Why it matters: The court’s interpretation of the Texas Alcoholic Beverage Code’s apparent‑intoxication standard—whether conduct must be visibly intoxicated at the time of service and how circumstantial BAC evidence and expert opinion factor into that inquiry—affects liability exposure for bars and restaurants across Texas and the protection available to victims of alcohol‑related harms.

Argument summary: Petitioner counsel for Cadeau urged reversal of the court of appeals’ denial of summary judgment, saying the record lacks evidence that the patron “appeared obviously intoxicated to the extent that he presented a clear danger to himself and others” at the time the alcohol was served. Petitioner stressed that the statute’s benchmark focuses on appearance at the time of service and that neither the tab nor eyewitness testimony support a finding of obvious intoxication.

Respondent counsel countered that apparent intoxication can be established by circumstantial evidence—BAC, expert retrograde extrapolation and admissions by the patron—and that a trained bartender’s testimony about what signs would be visible at a given BAC creates a fact issue for the jury. Counsel also emphasized that a server’s TABC training creates a statutory safe harbor but that the training and the bartender’s awareness of the statutory standard can also help a plaintiff survive summary judgment if other evidence suggests the patron was intoxicated.

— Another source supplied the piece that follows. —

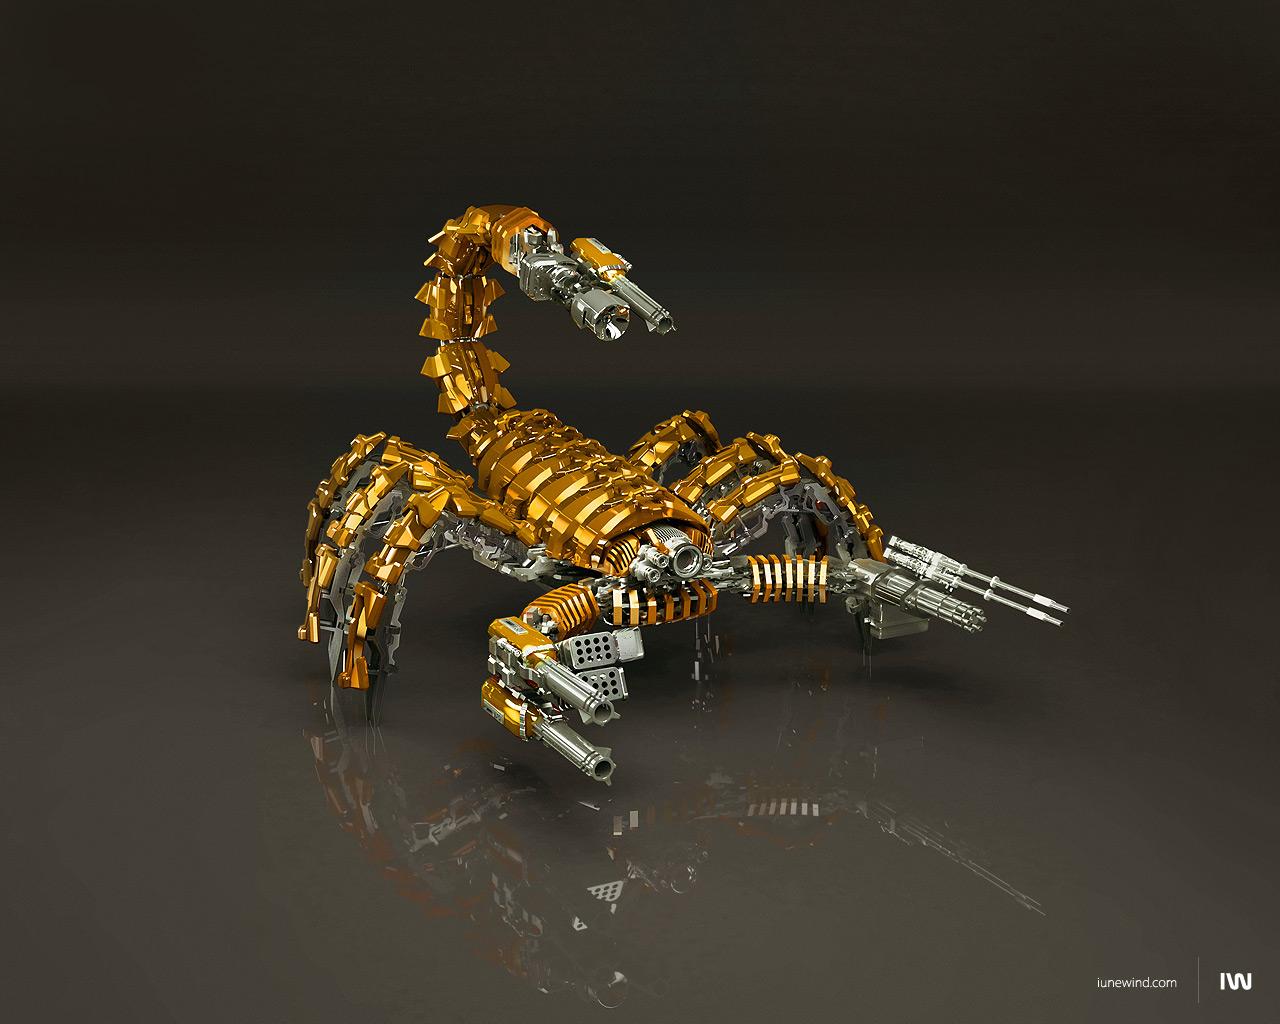 Mad scorpion Gold Edition

Justices pressed both sides on the statutory text. They asked whether a high BAC alone can establish liability when visible signs of intoxication were not observed at the restaurant, and whether large hypothetical drink counts (asked in court hypotheticals) could ever, by themselves, make intoxication “apparent.” Counsel for the respondent argued that a juror could reasonably infer intoxication from the BAC and surrounding facts and that the record here contains contradictions that should be resolved by a jury. Petitioner’s counsel replied that the statute requires observable signs, not merely numerical BAC, and that the record contains consistent testimony that the patron did not display overt signs while at the restaurant or at the scene.

The court recessed and took the case under submission. The ruling will determine whether evidence like post‑incident BAC combined with expert extrapolation and eyewitness testimony can defeat summary judgment under the “obvious intoxication” standard of the Texas Alcoholic Beverage Code.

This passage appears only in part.